I have a question that the Minister did not give a clear answer to, and I hope he will do so when he sums up. On the road fund that is being proposed as a result of the money that is collected, given that infrastructure developments are devolved issues in Northern Ireland, Scotland and Wales, it will be important to know how exactly that fund will be allocated. Will there be separate accounting for the tax that is collected in each of the areas? Will it be done on the basis of Barnett consequentials or will some other regime be put in place? It is important that we know that, because if this is to be one of the ways in which infrastructure developments are to be financed in future, there needs to be certainty for devolved Administrations as to what money is likely to be coming their way and how it will be calculated.
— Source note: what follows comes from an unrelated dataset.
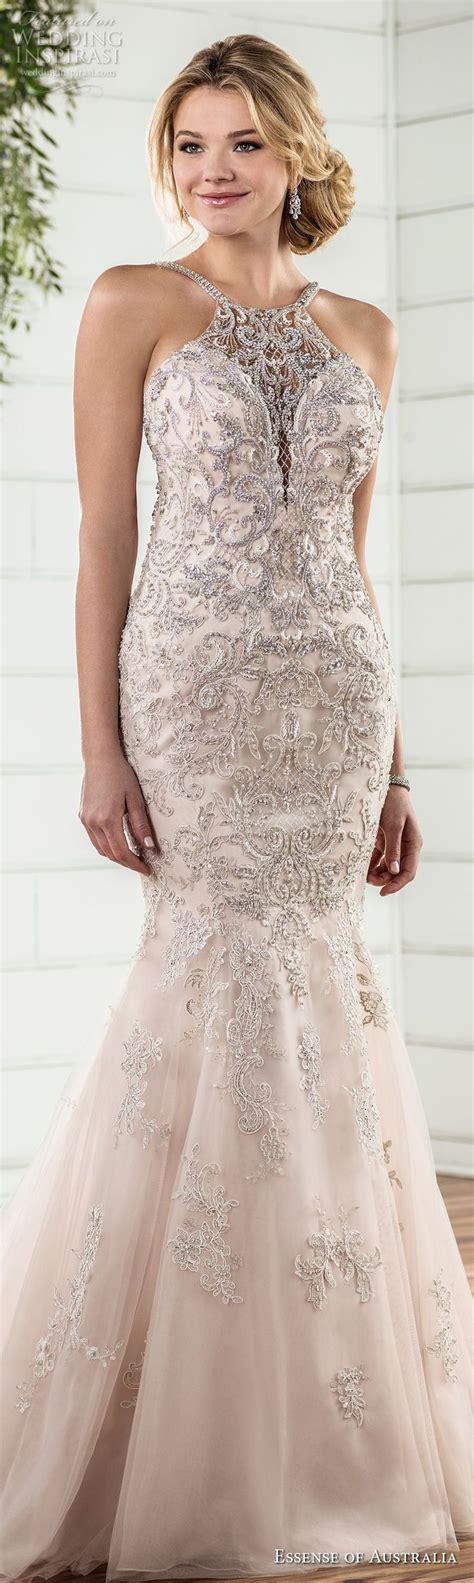 Dominiq Dress White Zv 25 halter wedding dresses ideas on high neck wedding dresses white bridesmaid

I want to make a brief contribution on new clause 3. The Minister, elegantly as he does, fobbed us off by saying, “We’re having a consultation and so on, but meanwhile we’ll press on regardless.” However, there is still a major issue regarding a potential tax loophole that has not been closed.
I accept that fund managers are remunerated on two different and distinct levels: they are paid for the work they do as investment managers and also receive a reward for hazarding their own capital. I also accept that there is a gain in having fund managers hazard some of their own capital, perhaps more so than they do at the moment. Unfortunately, though, if we charge very different marginal rates on the income component and on the hazarding their own money component, we will create the capacity for a loophole in paying the lower tax on the capital gain and less on the income.
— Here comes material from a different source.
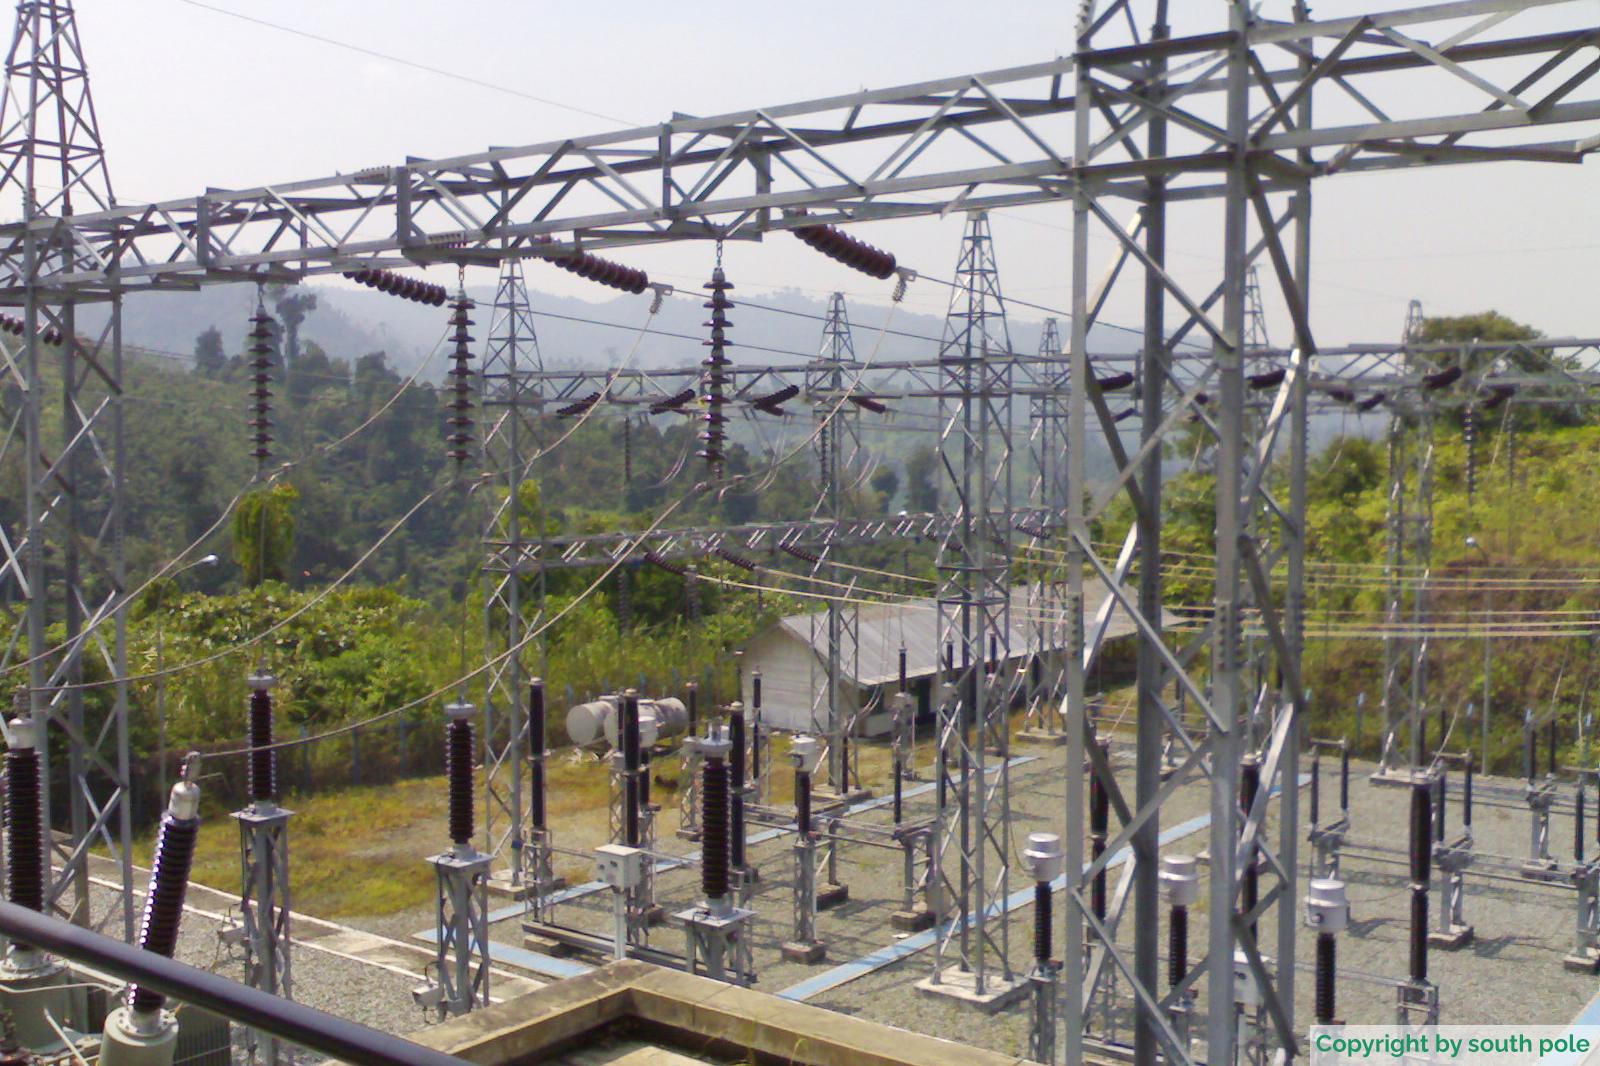 Das Umspannwerk des Laufwasserkraftwerks am Fluss Musi in Sumatra

It does not matter what short-term changes the Minister makes to try to prevent existing ways in which hedge funds allow the personal investment component of the investment to be organised, because people will just think up new ones. We have to close the loophole at source. The obvious way to do that would be to go back to a previous situation in which income tax and capital gains tax were charged at the same marginal rate.
Unfortunately, for the past several decades we have proceeded down a road of constantly cutting taxes on capital. I think there was a case in the 1990s for cutting marginal rates of tax on capital, because it was a difficult economic period and we had to encourage investment, but the Government have transformed that into an ideological demand that we always go on cutting taxes. Indeed, one of the core philosophies of the Finance Bill is to cut corporation tax even more, despite the fact that, on both a UK and a global level, we have pyramided up corporate surpluses, which are not being used. The current problem is not to find more loose capital, but to find fiscal incentives to make the owners of capital invest it.
The inherent philosophical problem with which the Government present us in the Bill is the imbalance created when marginal rates of taxation on capital are pushed lower and lower while significant taxes on labour are not reduced effectively and significantly. Our new clause 3 is specifically designed to force the Government to respond to the philosophical principle that the loophole should not be created in the first place. I do not think that the Minister has answered that effectively, which is why we will press new clause 3 to a vote.